Write out the listing below in its entirety, minus the pictures, without changing a word.

Supplied information:
..............................

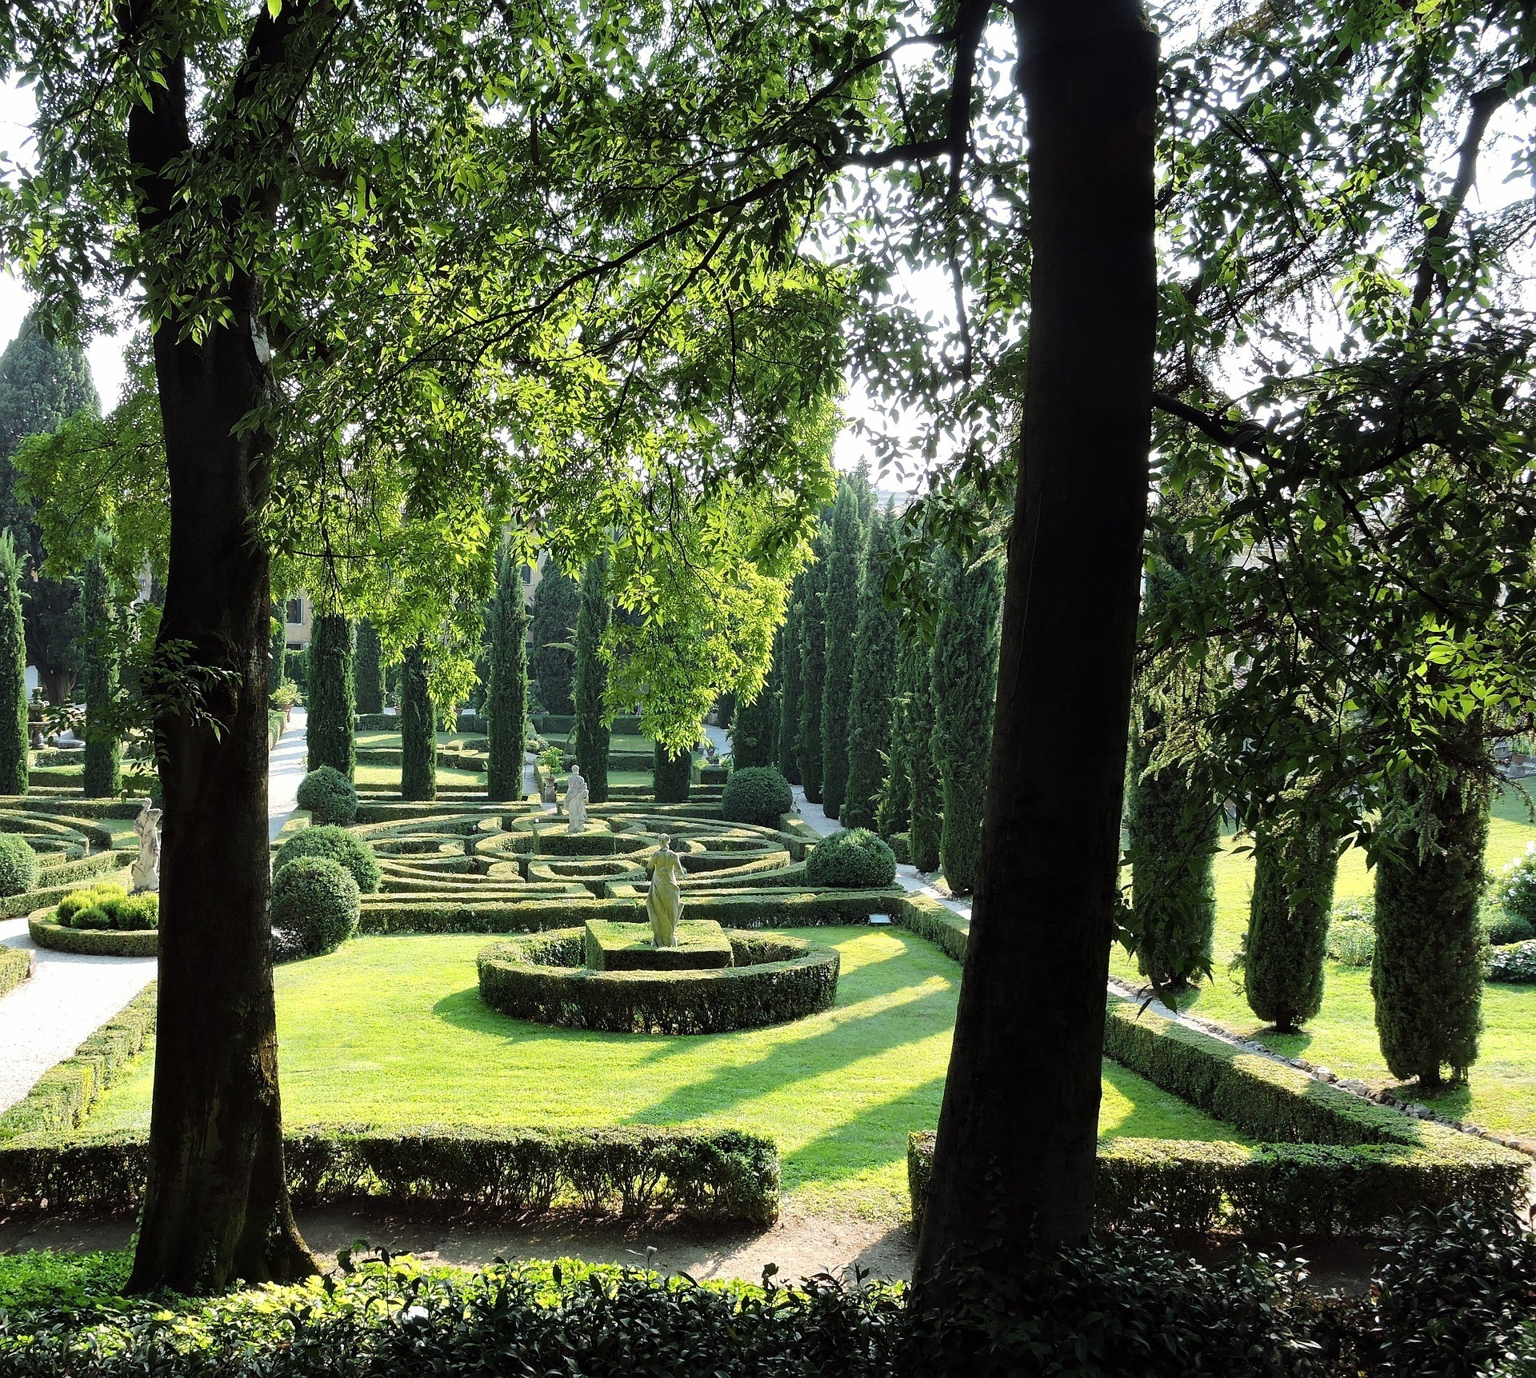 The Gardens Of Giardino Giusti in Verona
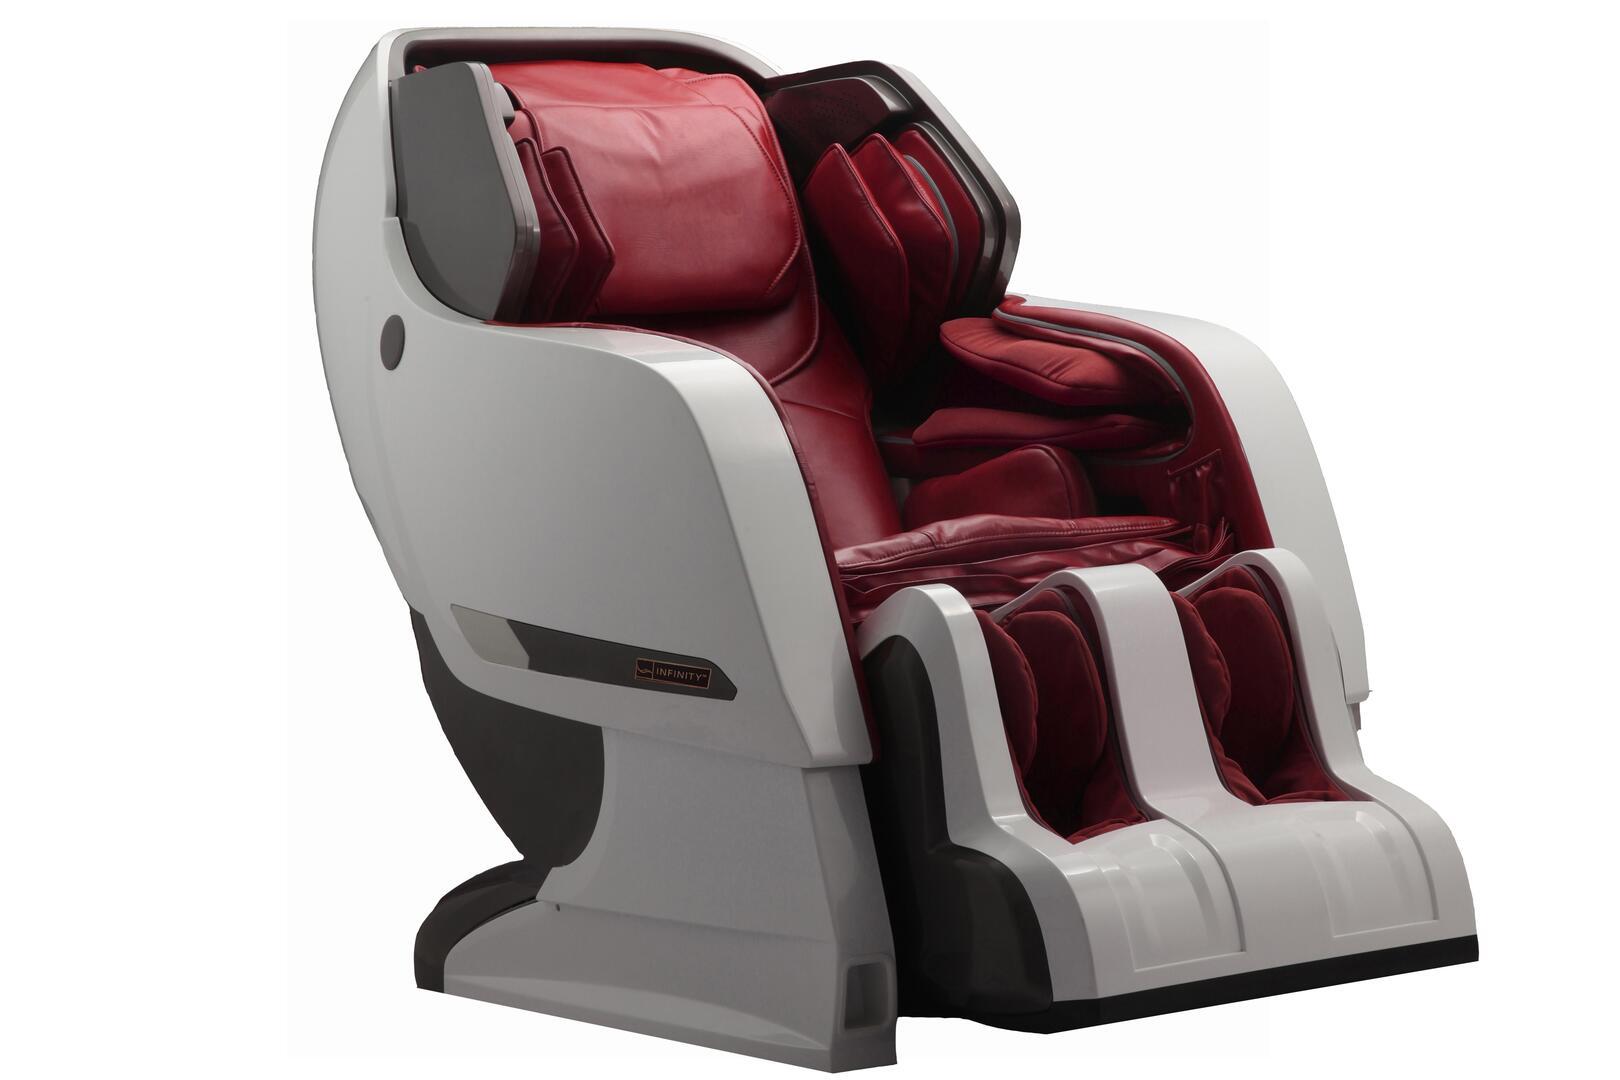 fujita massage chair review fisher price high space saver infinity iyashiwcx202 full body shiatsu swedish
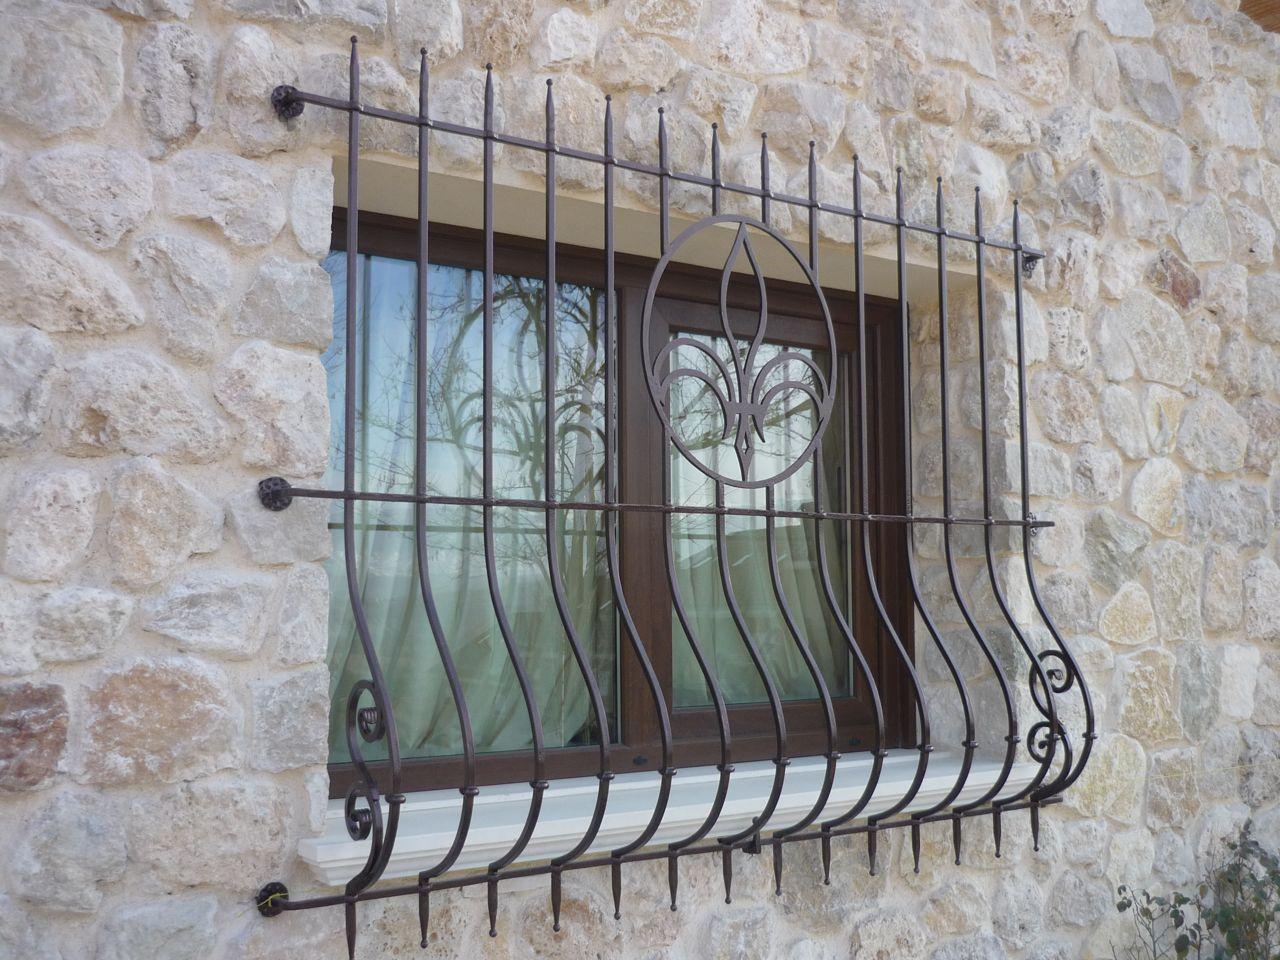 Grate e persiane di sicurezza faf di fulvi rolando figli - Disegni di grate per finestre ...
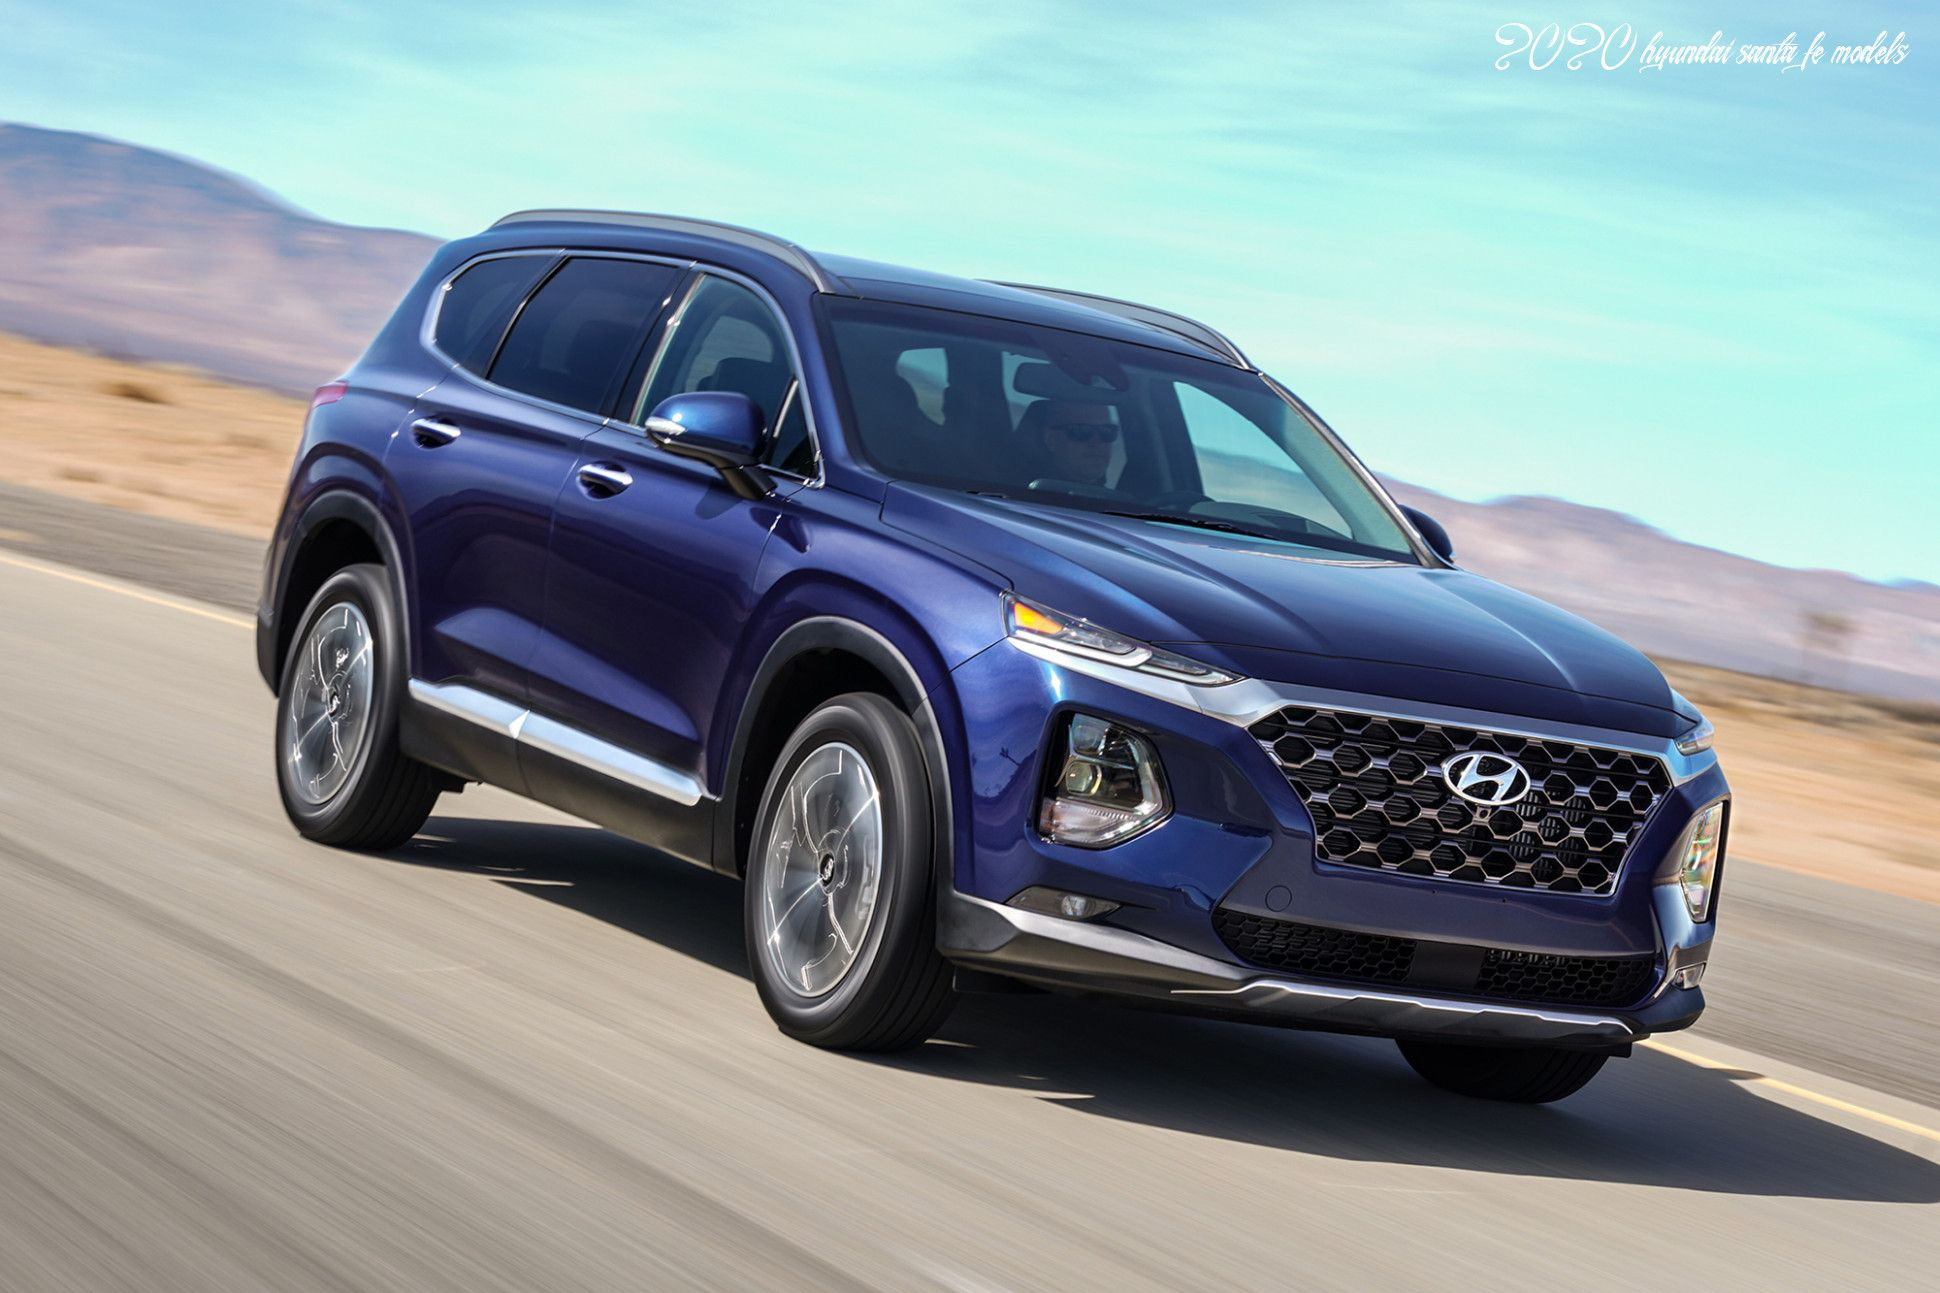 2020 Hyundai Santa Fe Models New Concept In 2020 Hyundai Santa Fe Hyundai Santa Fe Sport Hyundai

..............................

Solution:
 The Gardens Of Giardino Giusti in Verona
 fujita massage chair review fisher price high space saver infinity iyashiwcx202 full body shiatsu swedish
 Grate e persiane di sicurezza faf di fulvi rolando figli - Disegni di grate per finestre ...
 2020 Hyundai Santa Fe Models New Concept In 2020 Hyundai Santa Fe Hyundai Santa Fe Sport Hyundai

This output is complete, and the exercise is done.